The generalized meaning of this is if we are given a divergent integral, say \(\displaystyle \int _0^{\infty} f(x) ~ dx\), we can (supposedly) change the problem to \(\displaystyle \lim_{ \Lambda \to \infty } \int_0^{ \Lambda } R( \Lambda ) f(x) ~ dx\) such that the integral will become convergent so long as \(\displaystyle \lim_{ \Lambda \to \infty } R (\Lambda ) = 1\). The cut-off value of \(\displaystyle \Lambda\) is taken as \(\displaystyle x << \Lambda\). (I know not just any function R will work and I don't know how to find one.)

But that changes the nature of the integral! I don't see how this is supposed to work. My Physics text says that certain properties of the integral don't change so we can use the regularized integral for those. It doesn't directly say what those properties are that are kept, just that presumably finite properties, like mass, can be split up into finite and infinite parts. I can give you more on the Physics but I can't seem to find a good source on this lower level. My QFT text starts talking about the renormalization group and Ward identities and suddenly the problem goes over my head.

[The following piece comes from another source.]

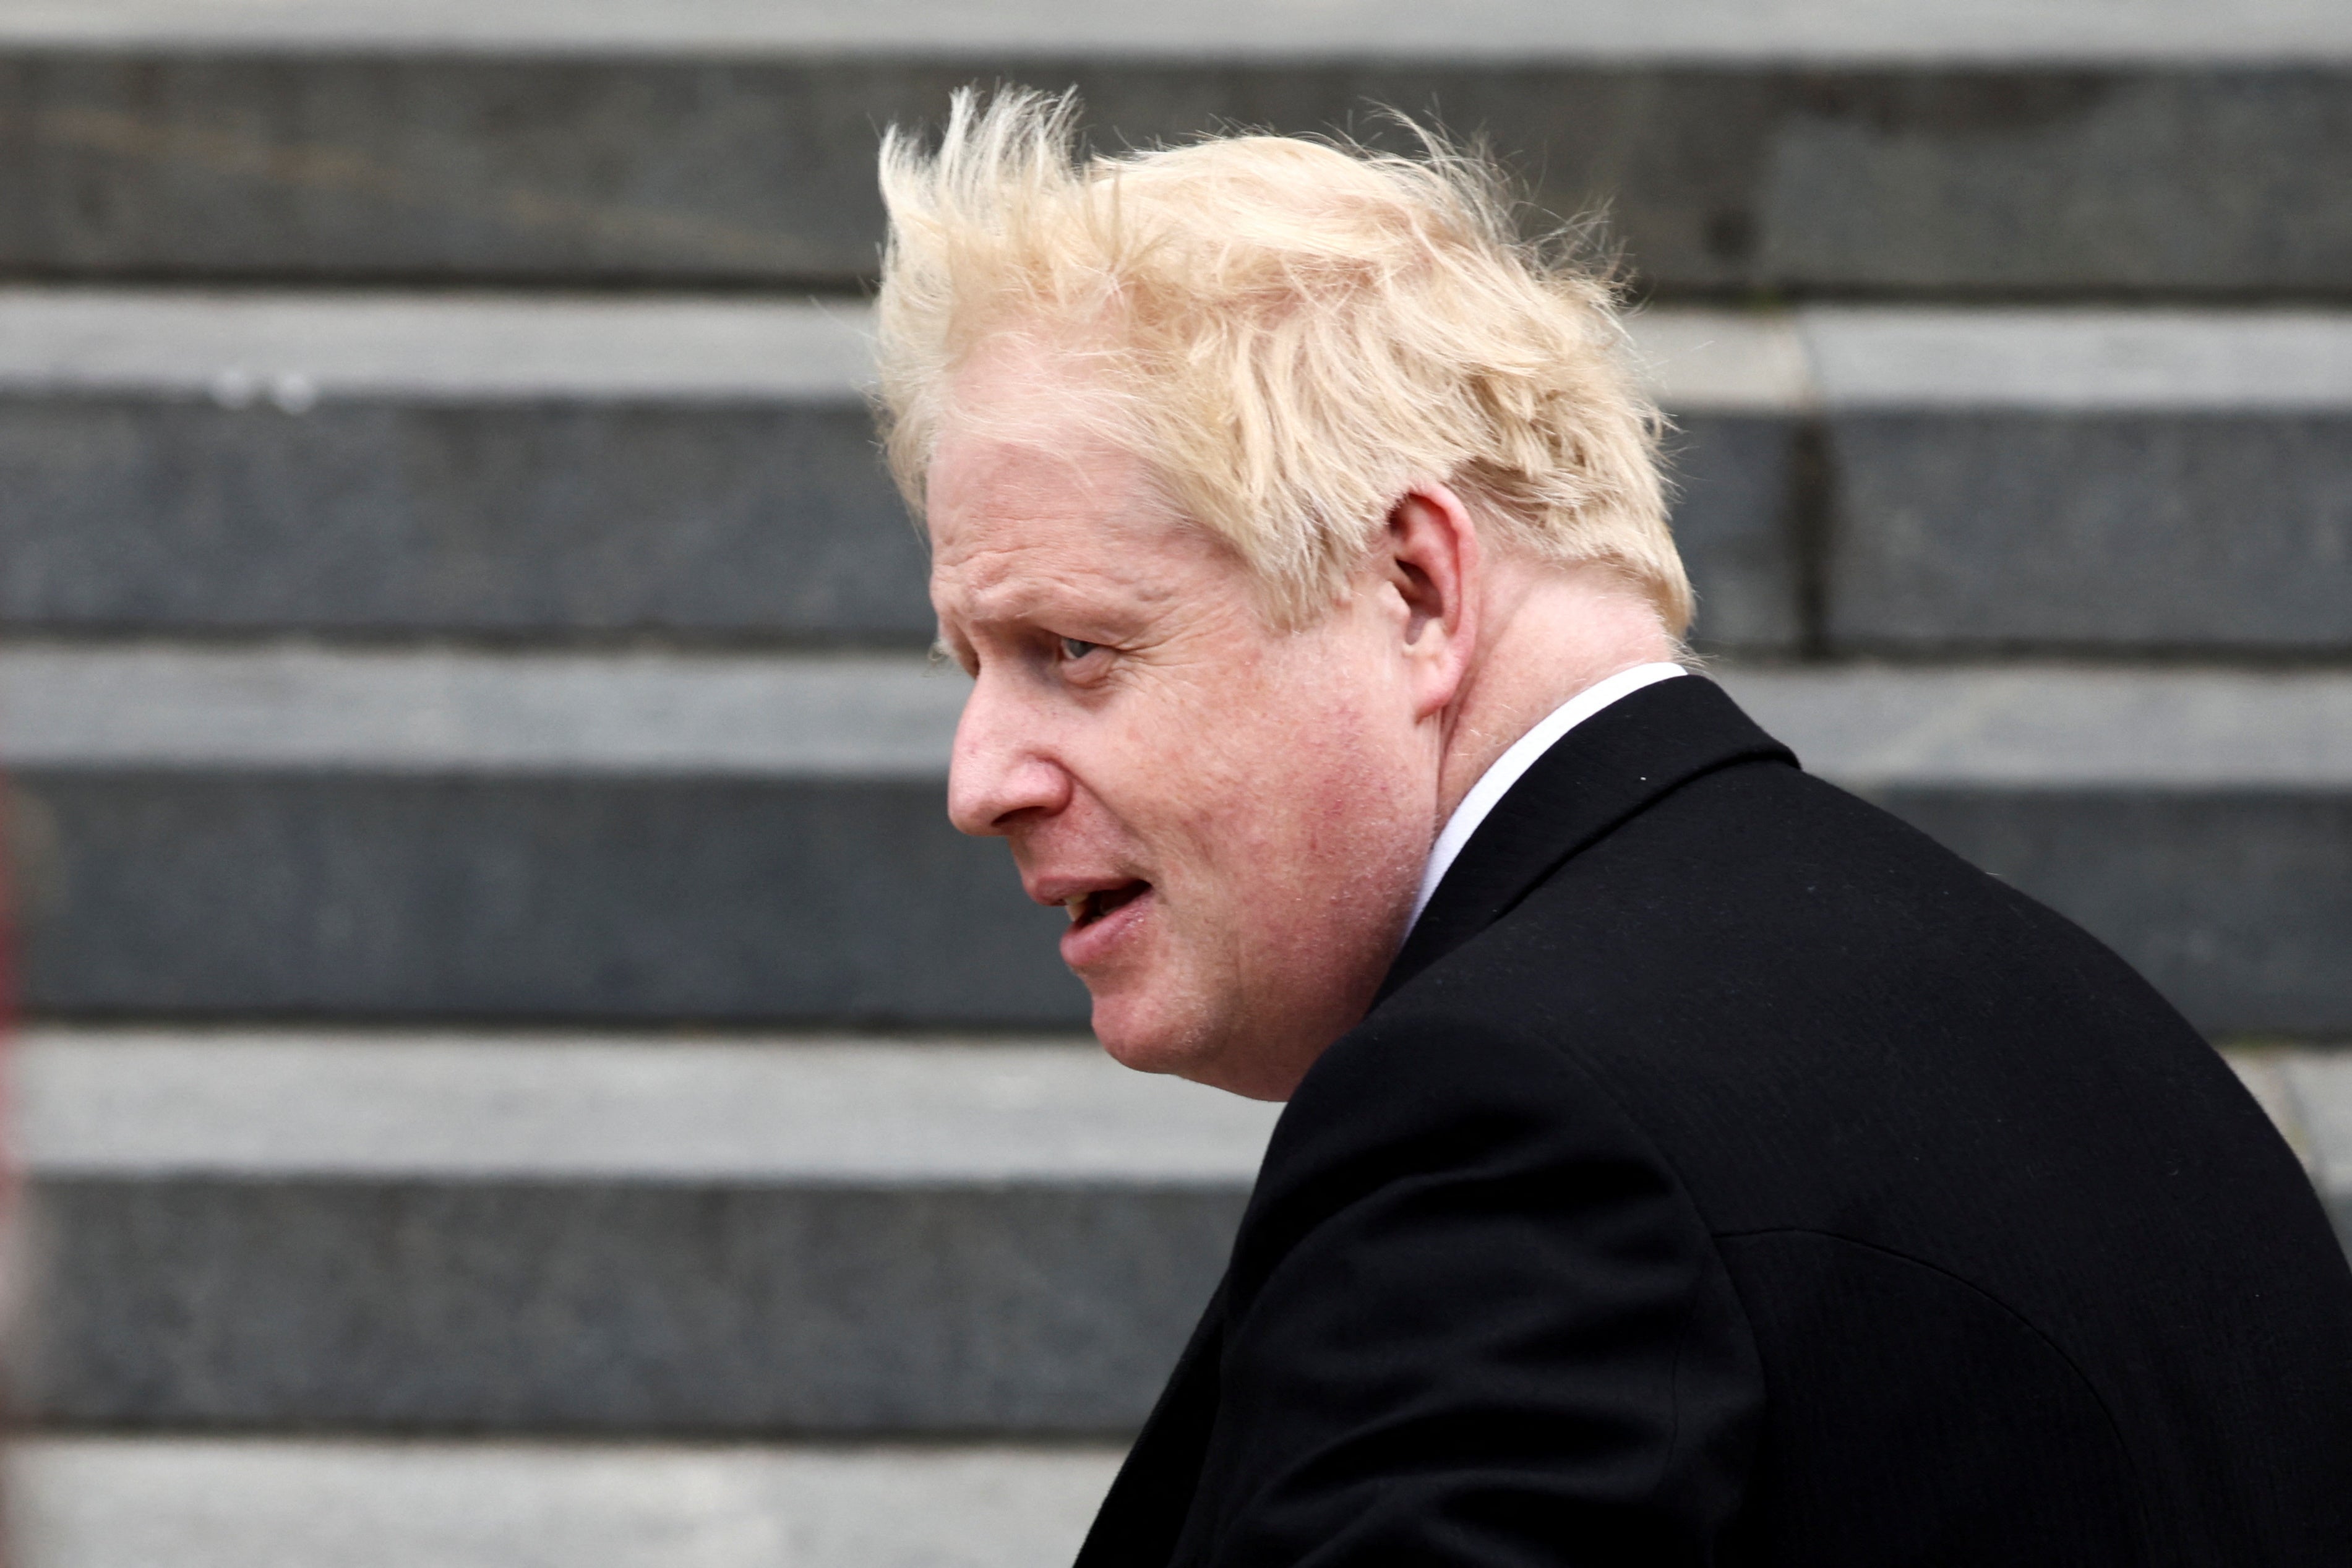 Boris Johnson is set to meet his Cabinet on Tuesday as he seeks to keep his premiership afloat by putting a bruising confidence ballot firmly behind him (Henry Nicholls/PA)
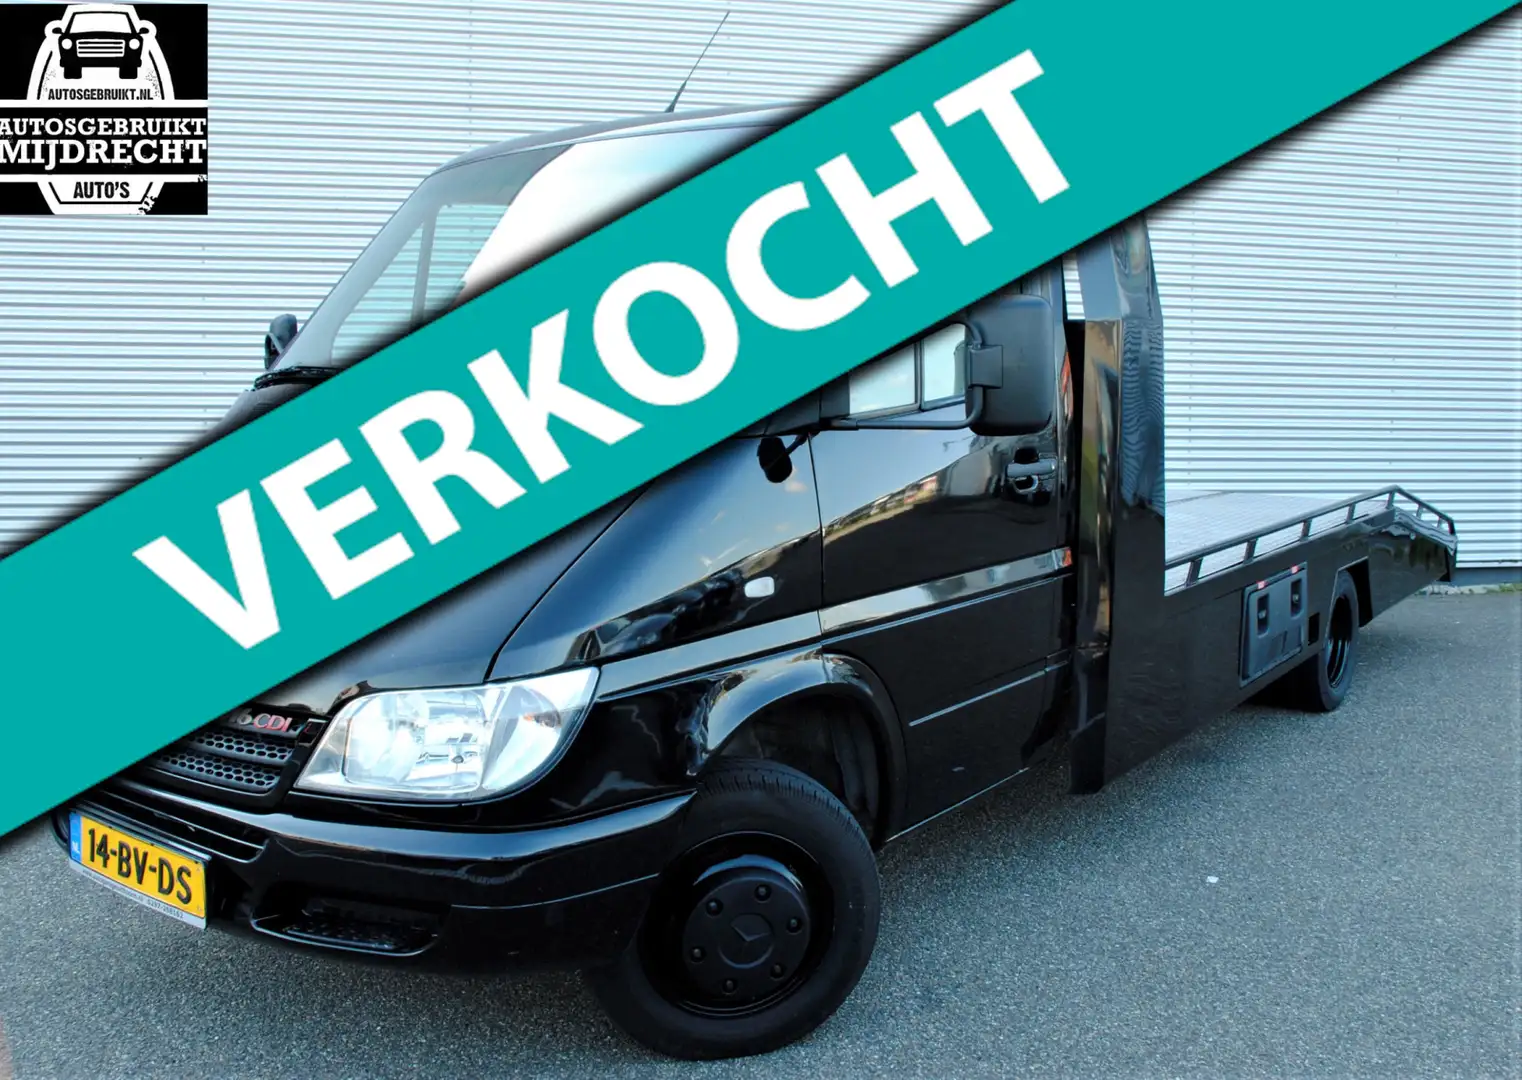 Mercedes-Benz Sprinter 416 CDI 2.7 402/Auto Ambulace/automaat/cruise/goed - 1

I am just working Mathematically on the cut-off technique for specific integrals for right now.

Specifically I am working on the integral
\(\displaystyle \int _0^{ \infty } \left ( \dfrac{1}{q^2 - r^2} \right ) \left ( \dfrac{1}{(q - p)^2 - s^2} \right ) ~ q^3 ~ dq\)
where p, r, and s are constants. This integral is logarithmically divergent.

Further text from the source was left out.